■ **Data extracts**:
● ● ● ● ● ● ●

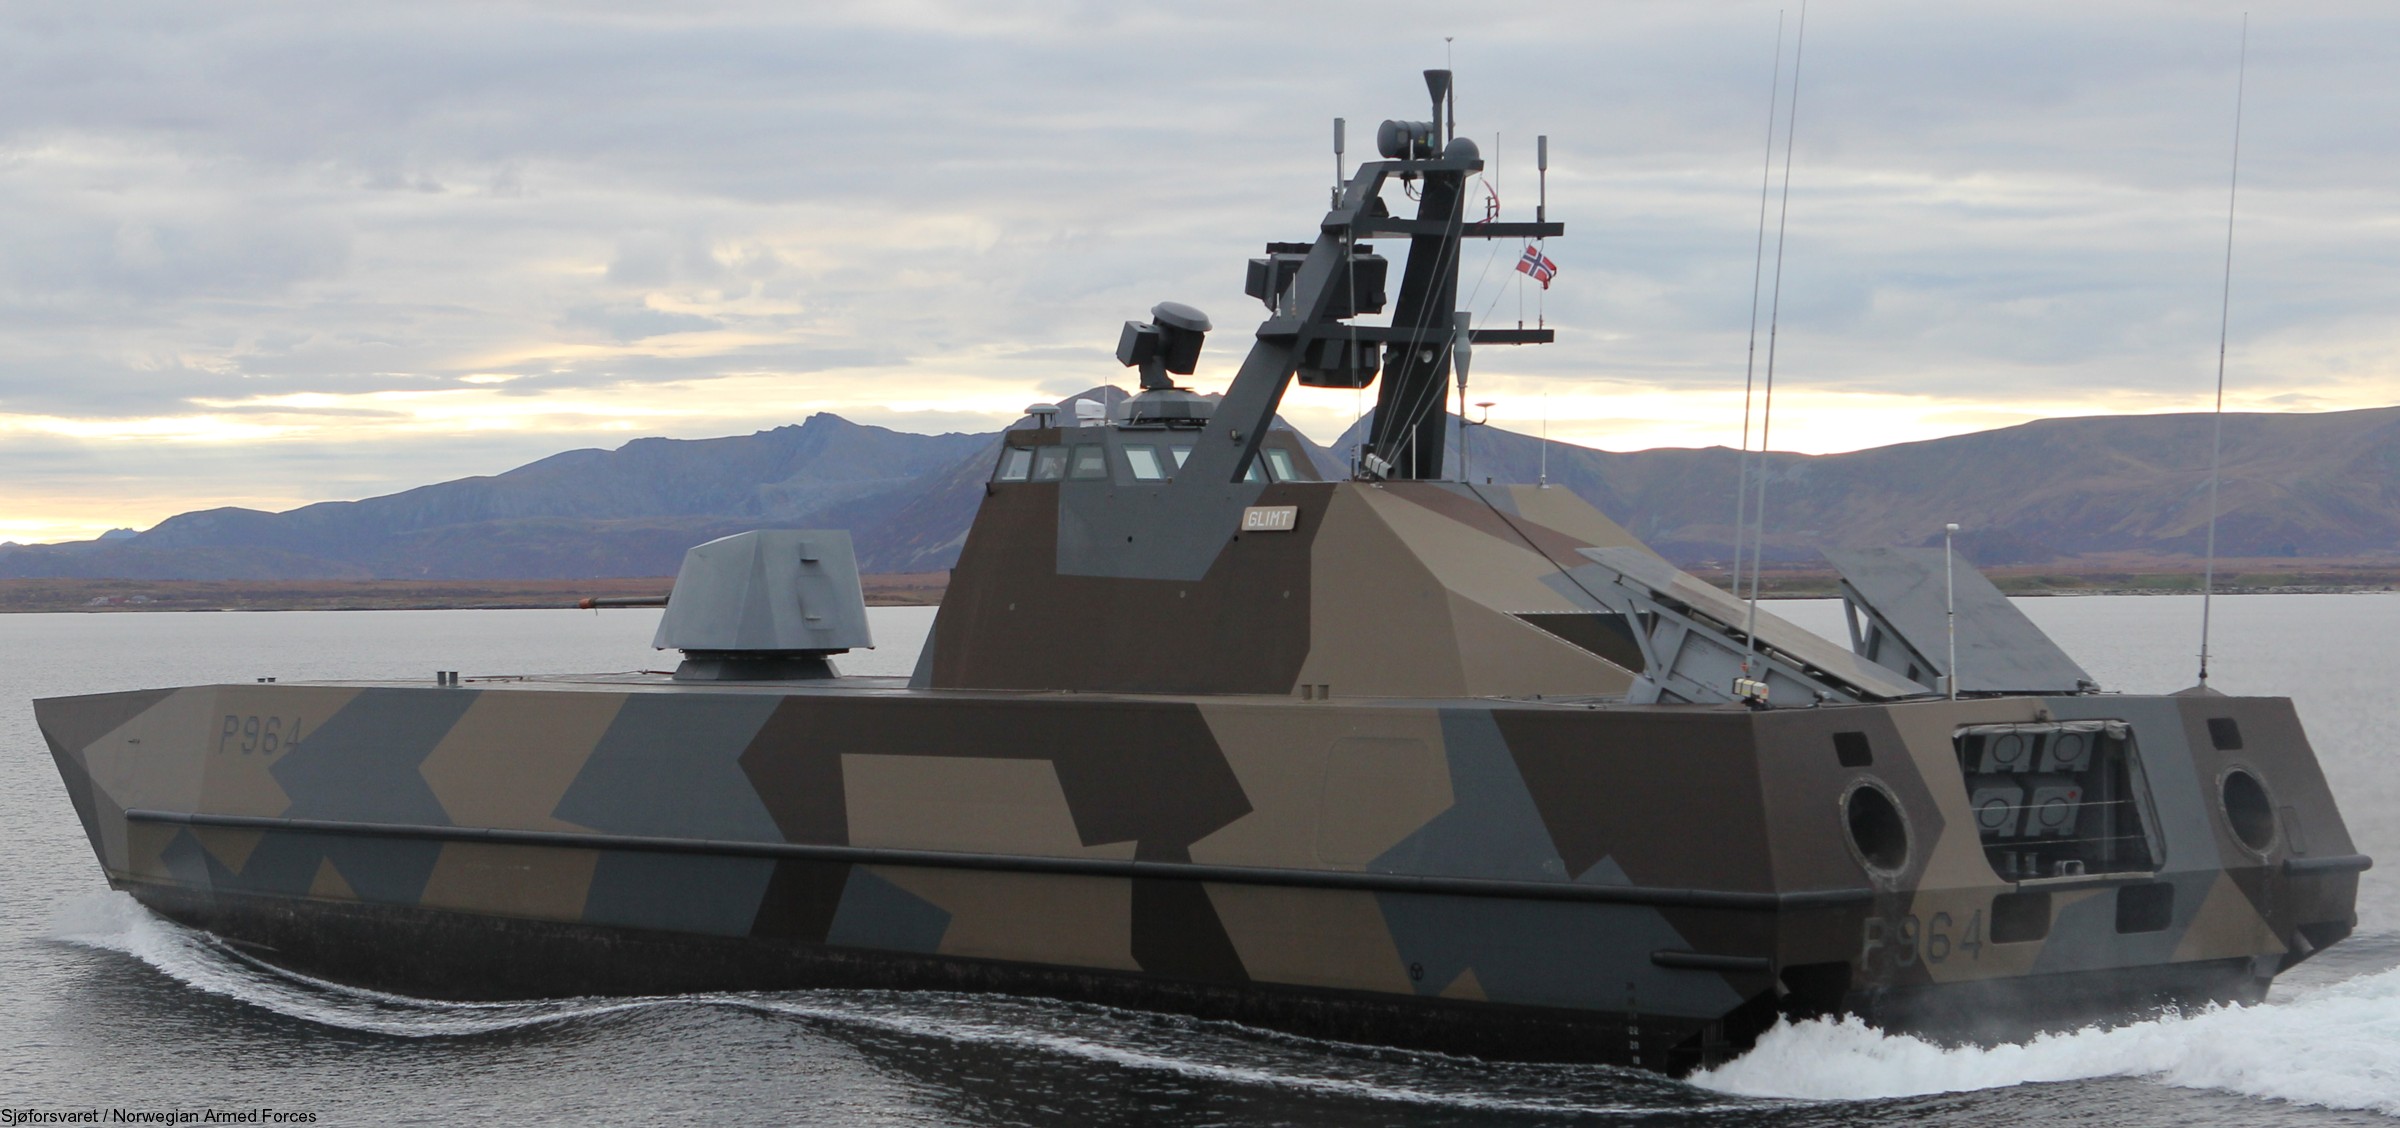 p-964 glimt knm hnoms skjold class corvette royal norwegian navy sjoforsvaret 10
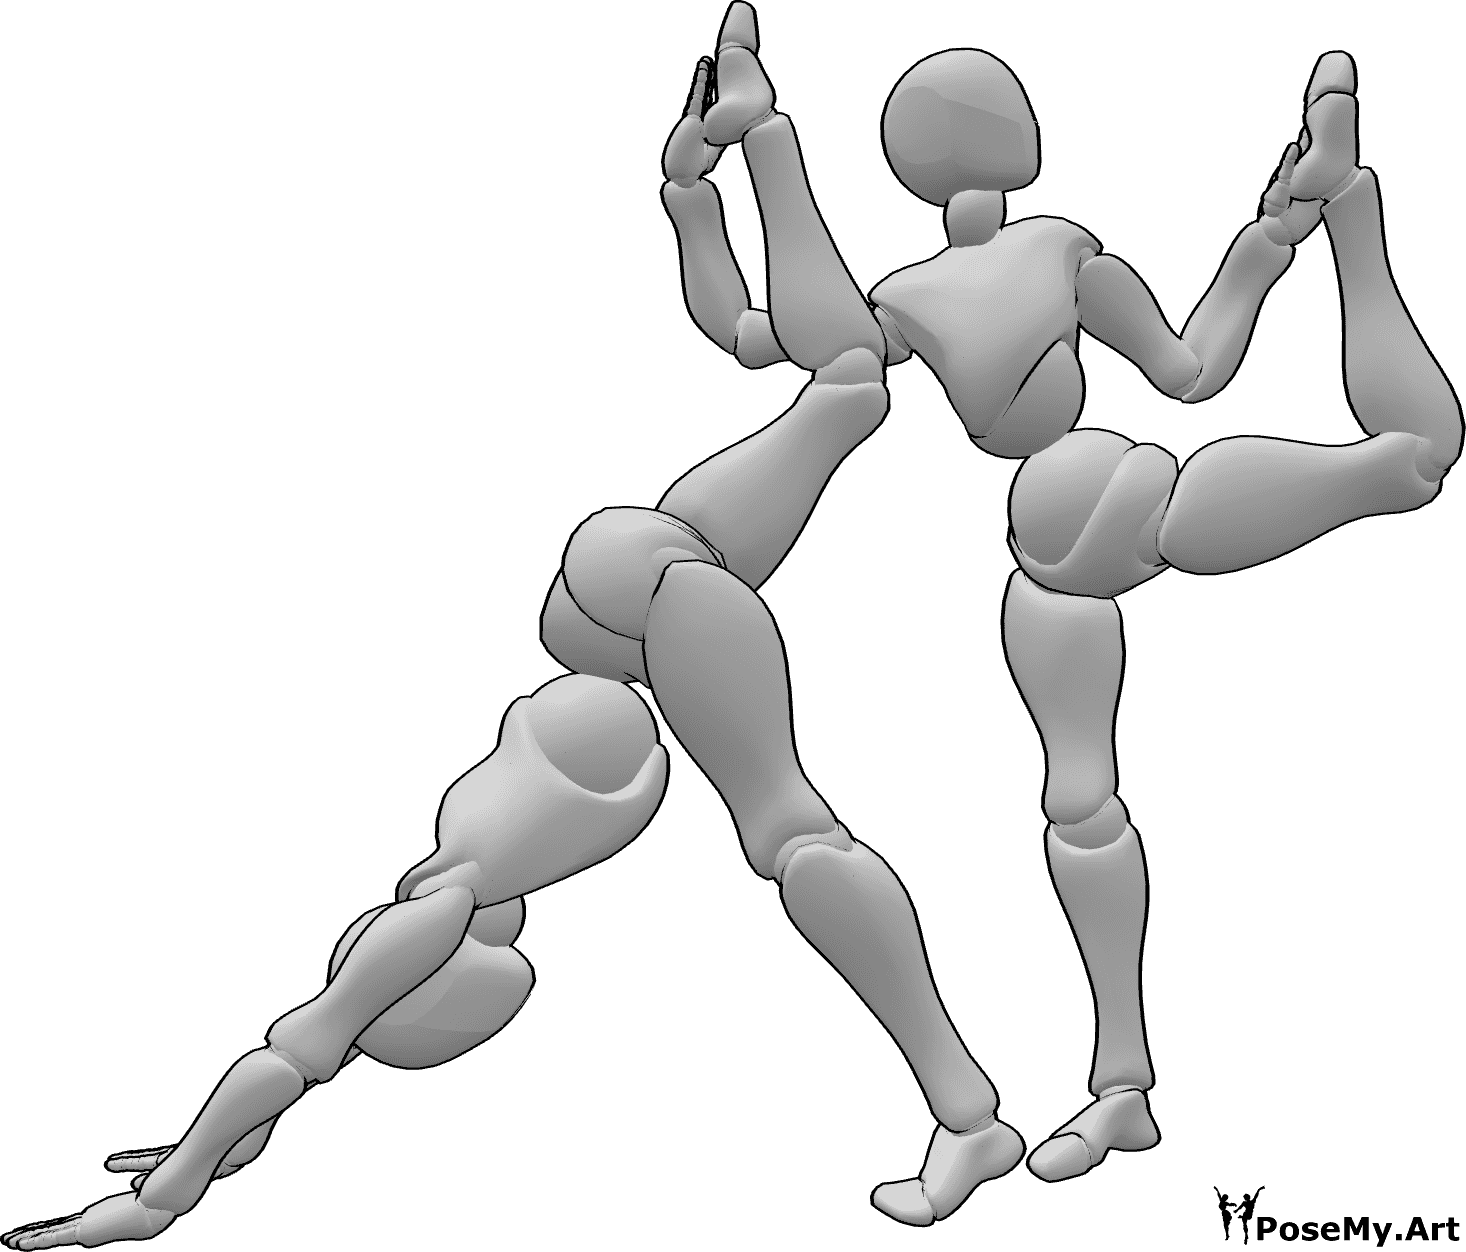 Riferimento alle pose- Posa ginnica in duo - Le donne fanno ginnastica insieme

● ● ● ● ● ● ●

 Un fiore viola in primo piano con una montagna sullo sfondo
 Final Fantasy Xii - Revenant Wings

● ● ● ● ● ● ●

■ **Directions for this task**:
Of all the material above, only the lines from the one that has "p-964 glimt knm" down to the one that has "Riferimento alle pose- Posa" are to be written out, exactly and with both ends included. Pictures are skipped.

■ **Response below**:
 p-964 glimt knm hnoms skjold class corvette royal norwegian navy sjoforsvaret 10
 Riferimento alle pose- Posa ginnica in duo - Le donne fanno ginnastica insieme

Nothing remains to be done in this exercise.